Data Analytics, Data Science, Big Data. These are not just buzzwords these days but catalysts in growing businesses. In the current era, social networking has become an important part of our life, where an exponentially increasing number of users shop, post messages, tweet and surf.
Their online activity logs contain huge information for different sectors. But extracting information from these logs is not an easy task. Experts who can do so call themselves "Data Scientists or Business Analysts". These professionals possess sound knowledge of Mathematics, Statistics and Computer Science. These data scientists not only analyse the existing data for finding facts and figures but also predict and forecast.
The biggest challenge lies not only in analysing the existing data but pre-processing. Sometimes the data available at disposal may not be authentic, so catching the correct characteristics of it is quite challenging and exciting for which the supporting role is played by many types of tools and applications that have emerged in the last few years.
To become a data scientist, the aspirants need to have expertise in data science and analytics-related tools such as R, SAS, Python, SPSS, etc, along with a sound understanding of statistics. One should also have knowledge of machine learning and predictive modelling. Most of the sources in today's web-dominated era generate unstructured data, which may contain many imperfections such as inconsistent string formatting, missing values and wrongly spelt words.
These data scientists have huge potential and may act as business model changer. Many companies these days are heavily dependent on their research and analysis departments for key business inputs. Even some of these are striving to get quality data analysts. In digital India where the number of start-ups is increasing rapidly and young entrepreneurs are being promoted by government too, data scientists may give most important directions for start-ups and survival tips in this era of huge competition. Today no business house can take for granted a long-lasting monopoly. Even small start-ups may put big threat to giants, if they have analysed the market and pattern.
Not only in business, data scientists/analysts are required everywhere. Say smart cities; where lots of activities, locations and automations are controlled by sensor devices and they send data to the central servers. The amount of data received is very large, and drawing information from it is not an easy task. Who will monitor these logs/data? It requires high-level expertise and skill set.
Another technology that is evolving parallel to it is the "Big Data", which poses different kind of challenges. The traditional RDBMs (relational database management system) and DBMs (database management system) have also failed to provide solution, due to which HDFS, MangoDB and Neo4J like technologies have come up.

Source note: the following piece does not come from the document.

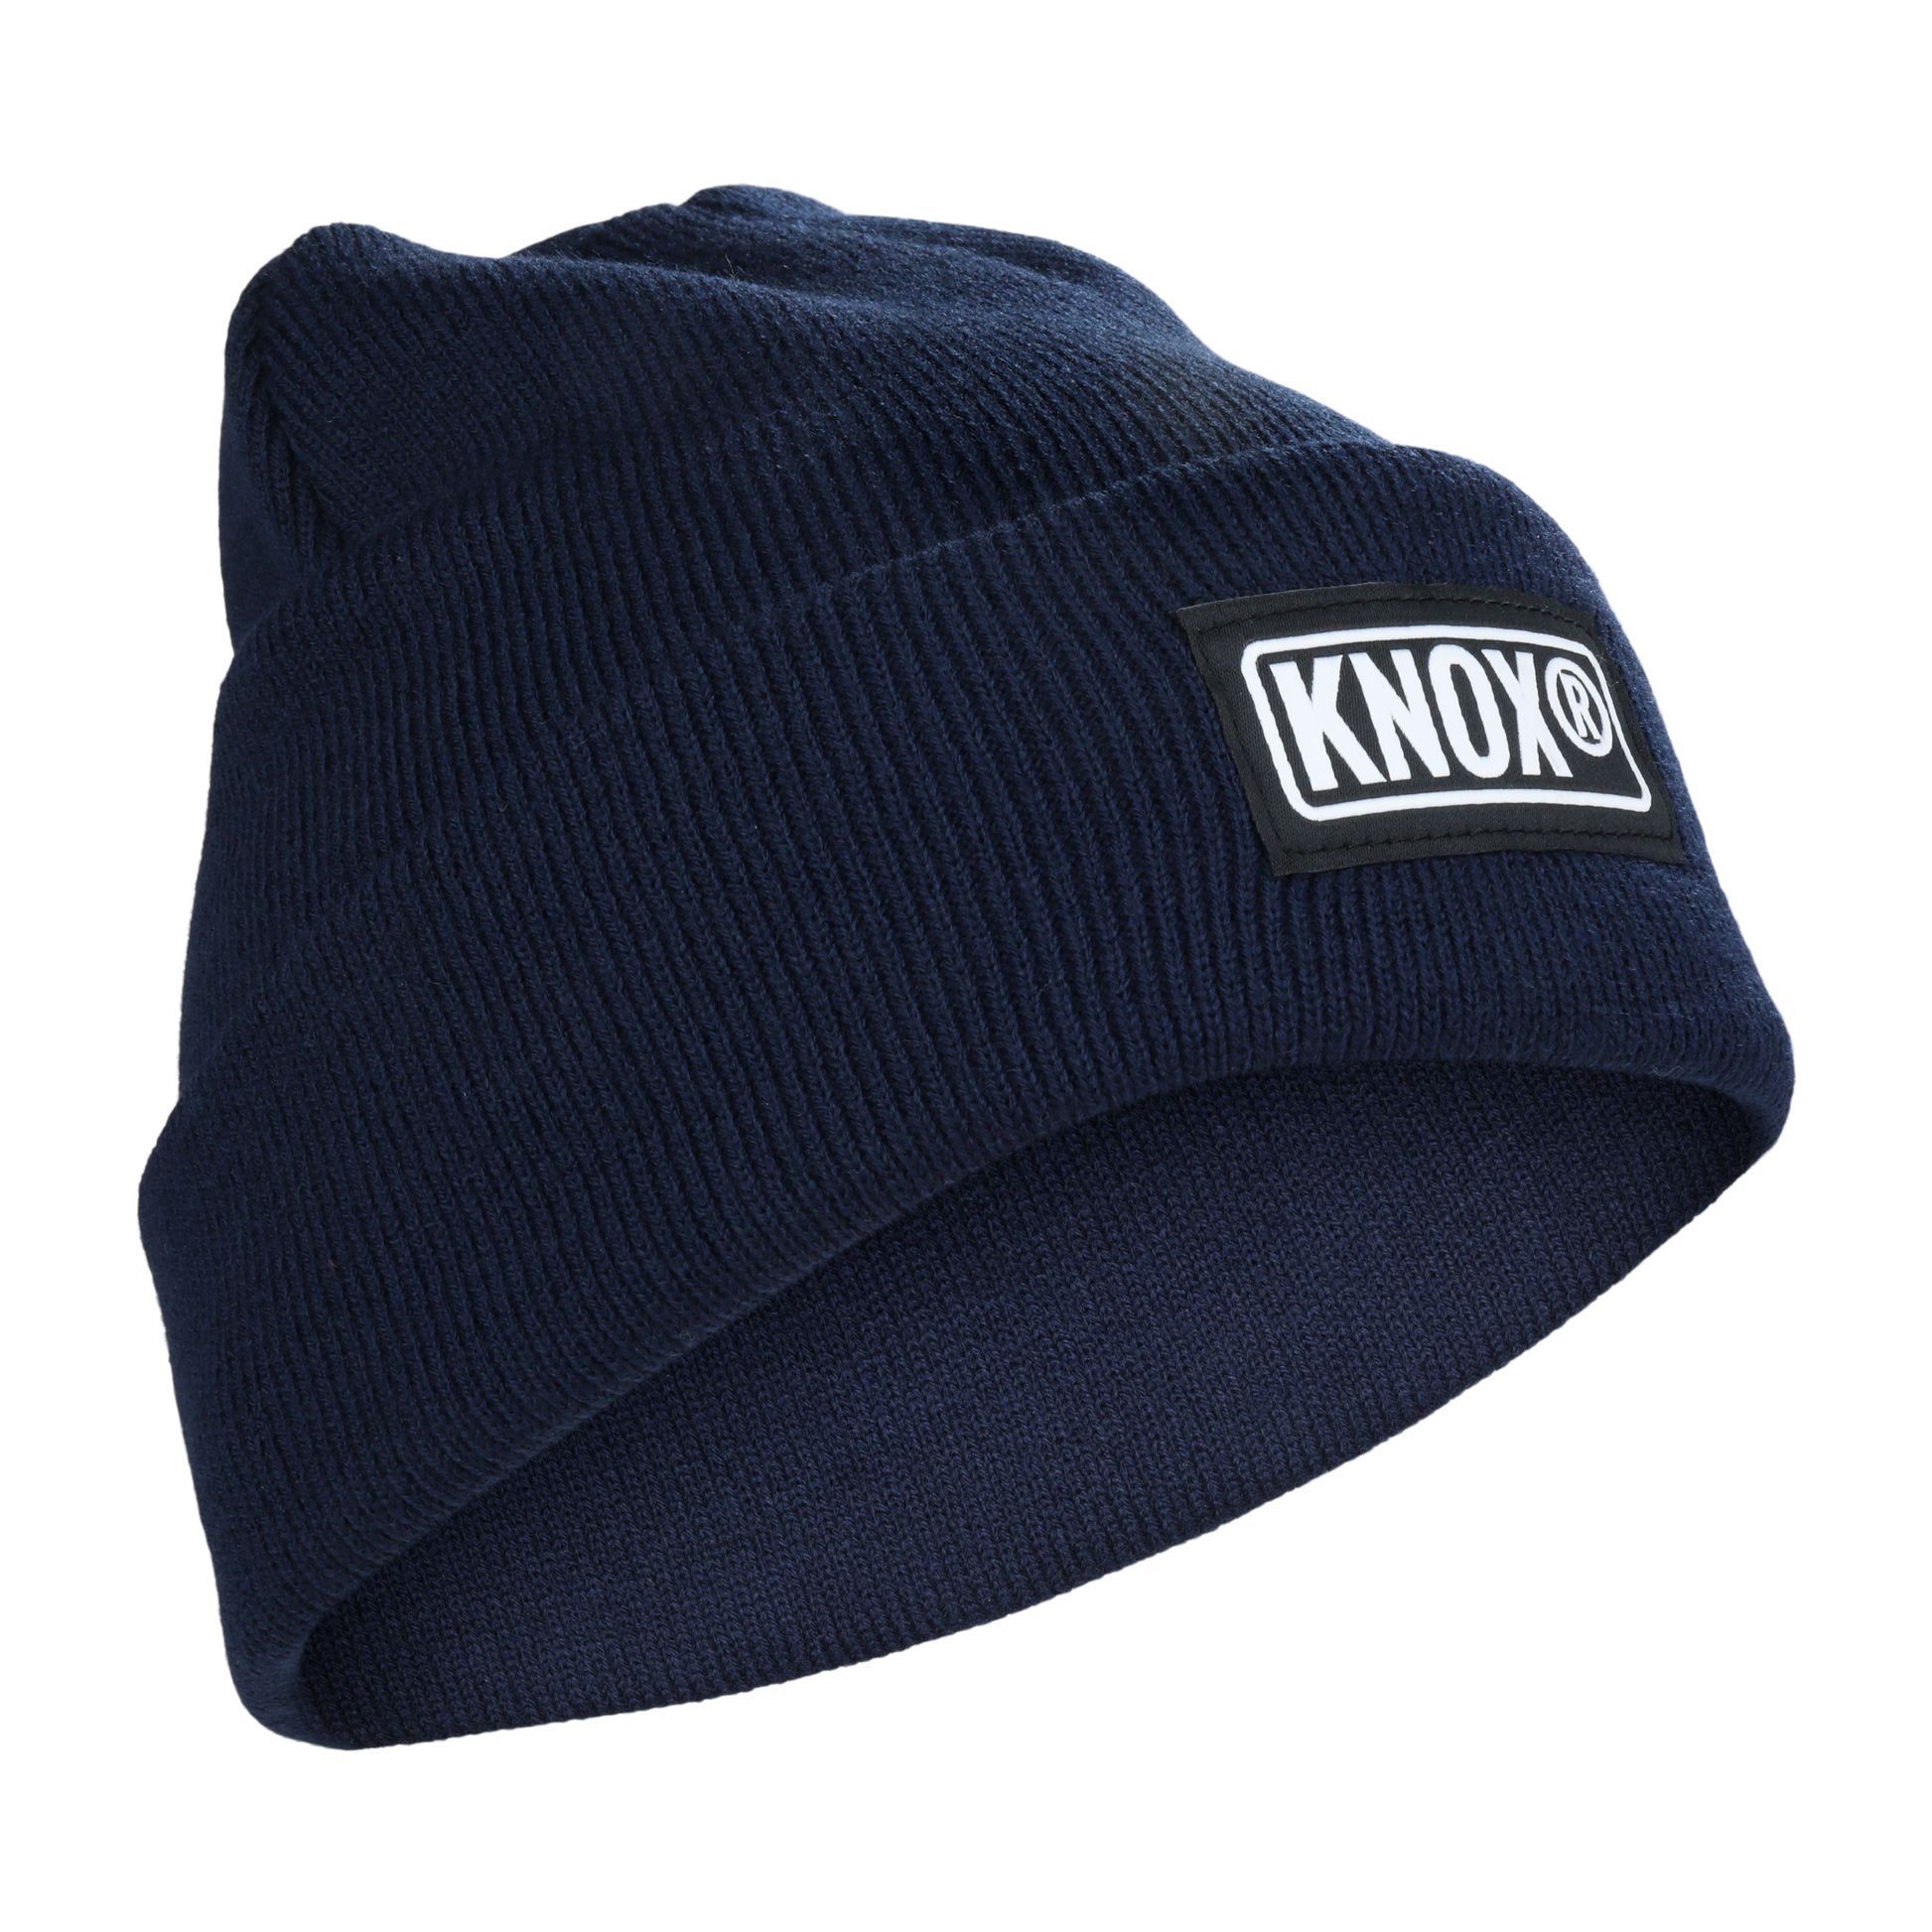 Knox Blue Cuffed Beanie - Men's Beanie | knoxfr

From an engineer's point of view the whole set of challenges can be put into four categories; Implementation, Development, Administration and Analysis. These four roles are different from traditional roles and only an engineer with the skillset of a data analyst can perform them effectively.
There is huge dearth of data scientists in the modern world. Their demand is increasing at a rapid rate. Keeping this demand in view, engineering universities like GD Goenka University have come up with specialised programmes such as B.Tech. in Computer Science & Engineering with specialisation in Business Analytics and Optimisation, and M.Sc in Big Data Analytics with the IT industry giant IBM as partner. Even the Central government, has identified the need and has started increasing the awareness among academia through its Department of Science & Technology (DST) which recently sponsored many faculty development programs on Big Data Analytics all over the country.
A data scientist with an experience of four to five years can earn up to Rs 75 lakh a year in comparison to Rs 5-8 lakh for an engineer or Rs 8-15 lakh for CA. In the US a data scientist can earn $2,00,000 and above depending on experience and expertise. Even, if someone googles "data scientist salary", the figures shown are like dream figures and are very tempting. By choosing the right university where students can learn the right set of skills, one can be better prepared and grow at a better pace in the industry.